5 thoughts on “Apple unleashed

  1. Interesting post. If anything, I think the release of the new iPhone has given us a clear idea where Apple is heading with the iPad. I think next year (or earlier, it is Apple after all), we will see an iPad with dual cameras for video chat and the new retina display.

    I also find it interesting how Apple is slowing moving their desktop applications across to the mobile os, first safari, then iWork, and I suppose you could argue that the iPod app on the iPad is very close to resembling iTunes, and now, iMovie.

  2. Specifically about the latest iPhone, I feel the opposite. The list of features in the latest iPhone really made me yawn. All of the ooh-and-ah-generating features are already doable on nearly every new Android phone, and increasingly new BlackBerry phones. Yes, arguments can be made for and against Apple having done certain features better. But, the latest iPhone is not nearly as much of a game changer as 3G and 3GS were in my view.

  3. @appjudge, thanks for your comment and I agree with your observations 100%. I think the iPhone 4 is showing some likely enhancements to the next iPad (though I’d bet it only has a front-facing camera for video calls). Also, your note about moving things over to the mobile OS is good reinforcement of their device-led strategy in the future (aren’t iPads already outselling Macs anyway?).

    @Jason, you’re certainly the expert on mobile here, thank you for commenting! It’s likely a fault of my own that I’m just now aware of many of these features in Android phones. Perhaps you could post about the alternatives to the iPhone 4 here or if too lengthy, on your blog. I’d love to read it. I do like where Apple put their hardware muscle – slimness, “retina display,” gyroscope, media production (photos and video, which I’m sure were just catch-ups to other phones). This seems like the fulfillment of the hardware platform that will truly allow the software platform complete freedom to perform. But I’m already love the iPhone, so I might be using some rose-colored glasses. :)

  4. @Jason, while I agree that the 3G was a game changer, I find it hard to back the 3GS with the same enthusiasm. The 3GS introduced a speed bump and a compass- and that was all. The 4G is the first dramatic redesign of the phone since the 1st generation and we have yet to see how developers will make use of the gyroscope. I think much of the hype normally surrounding the launch of a new iPhone was lost due to the leaked prototypes.

    @Doug, Thanks- I’ am currently writing up an ‘article’ (if it can be called that) about the iPad for my blog. And I believe you are correct- they sell one iPad every three seconds…so that’s quite a few in the time you’ve taken to read this.

  5. I think this is a good point Doug. Apple really does take a perceptive leap ahead every time another maker gets close. Whether the Droid or any other phone is actually able to so many of the same things is irrelevant.
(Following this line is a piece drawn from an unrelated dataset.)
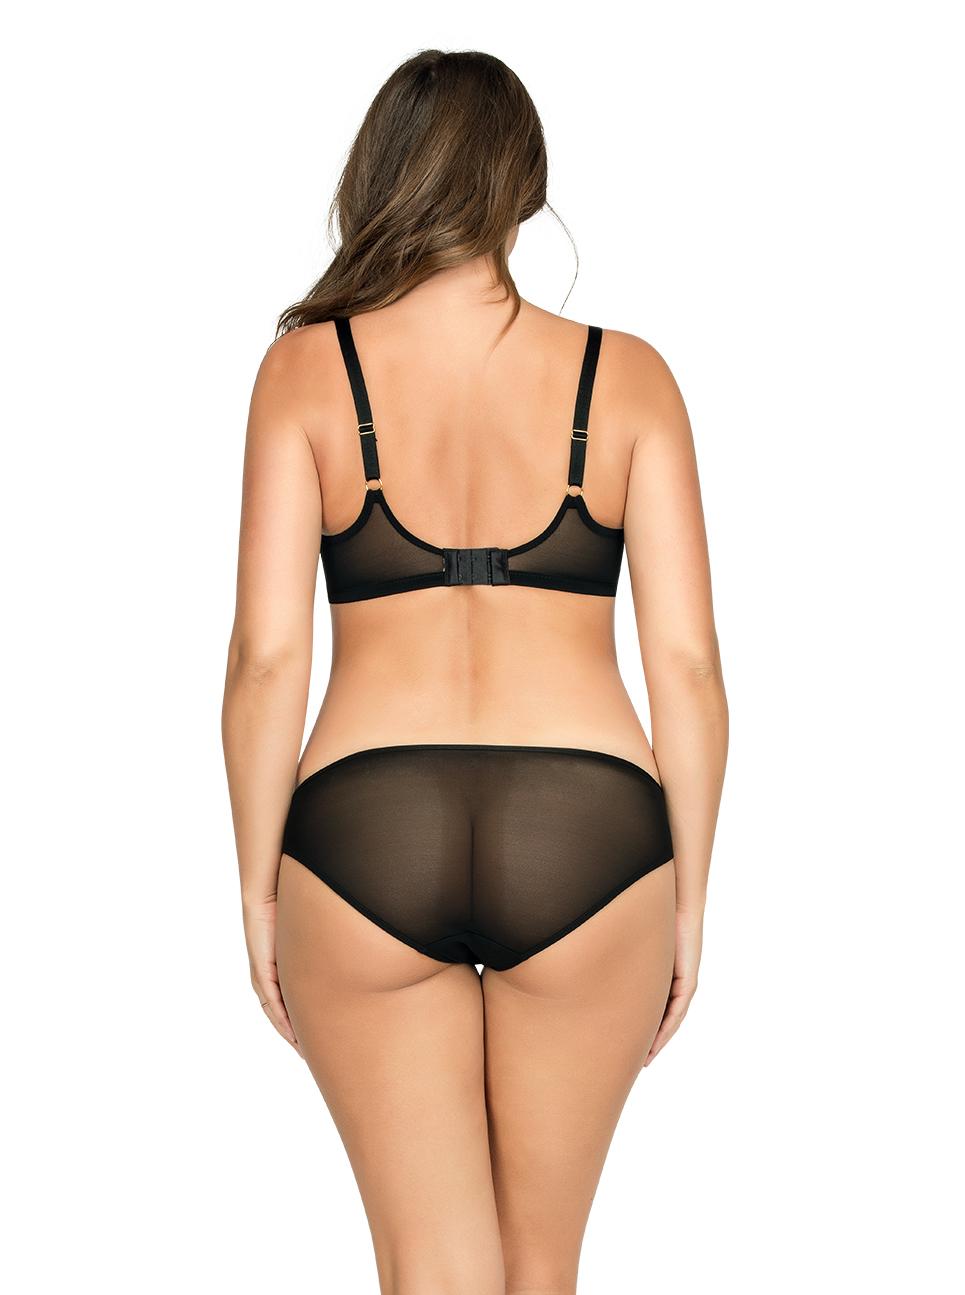 PARFAIT Briana PaddedBraP5671 BikiniP5673 BlackFloral Back - Briana Bikini Black Floral P5673
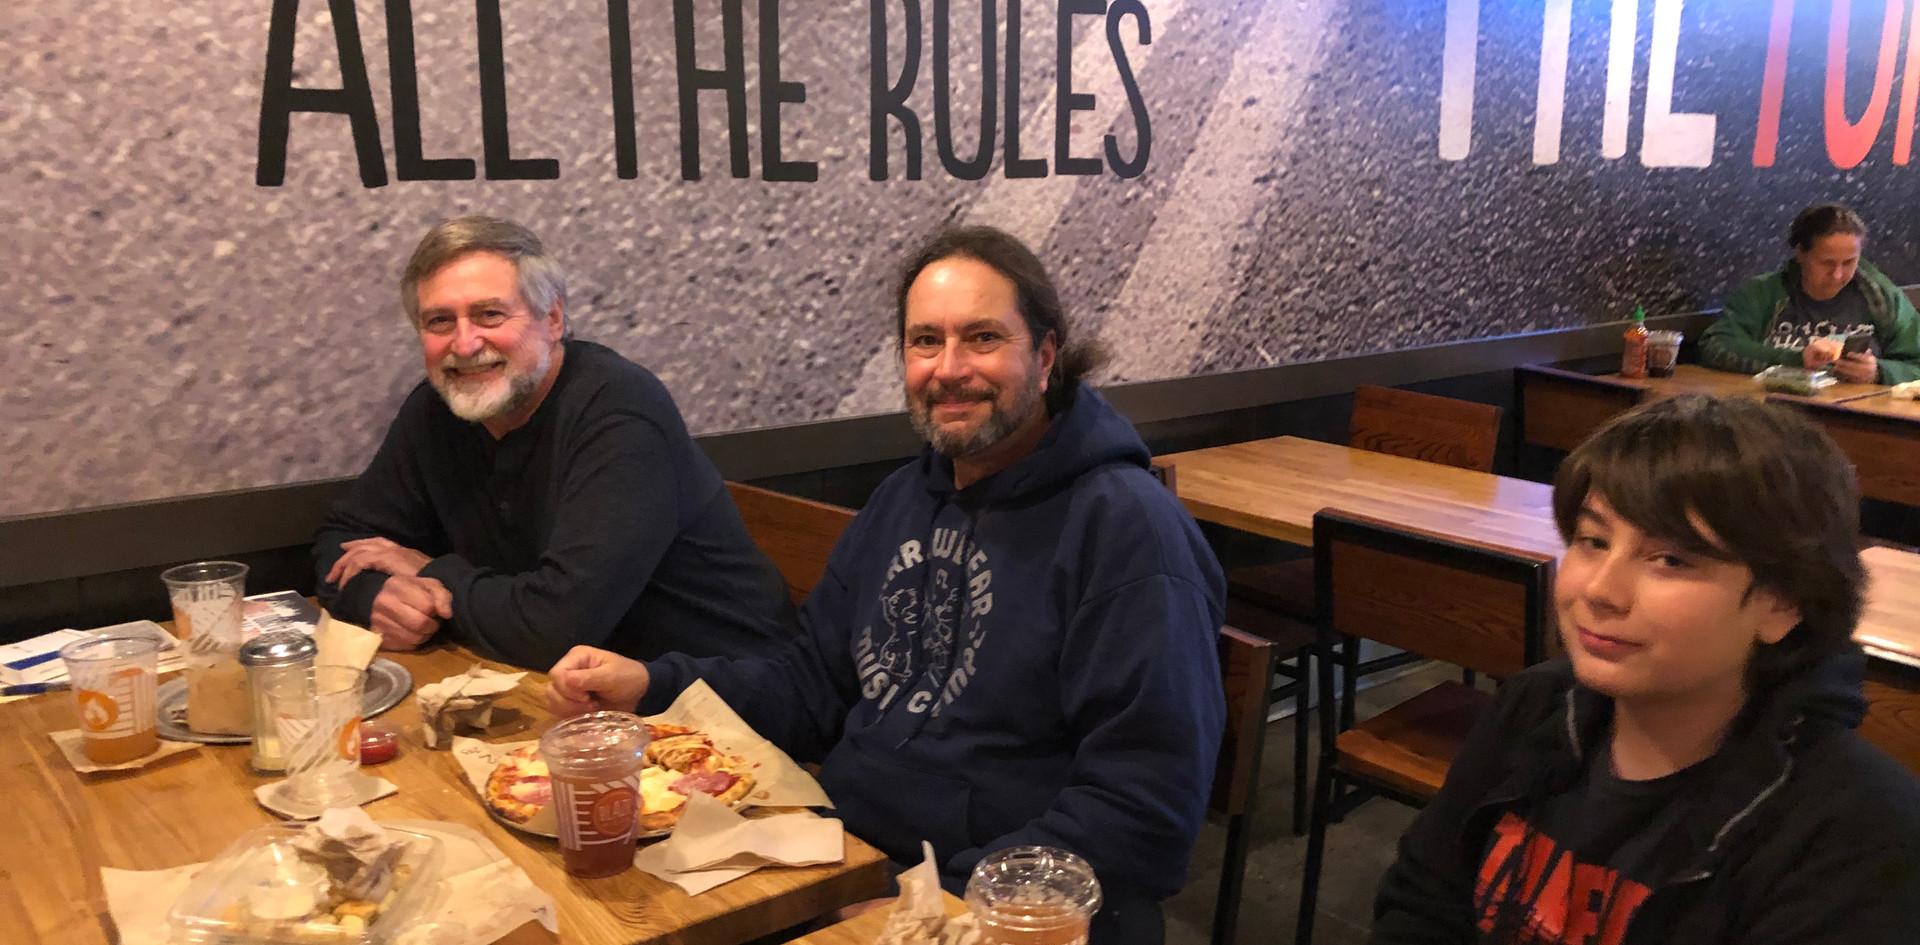 Jeff Haberman, David James, Jack James.j

In the eyes of the buying public, especially the Apple oriented crowd (which is substantial at this point) ONLY a new iPhone4G will get their money as they salivate for another one, like Pavlov’s dogs (to keep the canine metaphor going ;) ).

    Where I think this is all pointing is a revolution in the consumer video and photography editorial world, and further consumer entertainment in general. If you look at iPhoto, the iPod with video, the iPhone4G with HD video and new iMovie, then put them in the context of Steve Job’s “hobby” project, AppleTV… Then consider the next iPad. Its not difficult to envision a world where a person armed with Apple products can write, produce, edit and broadcast entire shows and print out all their own press kits etc. while sitting in one chair using built in or native apps. Can it be done now? Yes, with a modicum of difficulty on various hardware, but Apple is out for ease of use and could unify the experience, capturing dollars that might have otherwise gone to Sony, Panasonic, or other sectors of the Consumer Electronics market. Powerful stuff.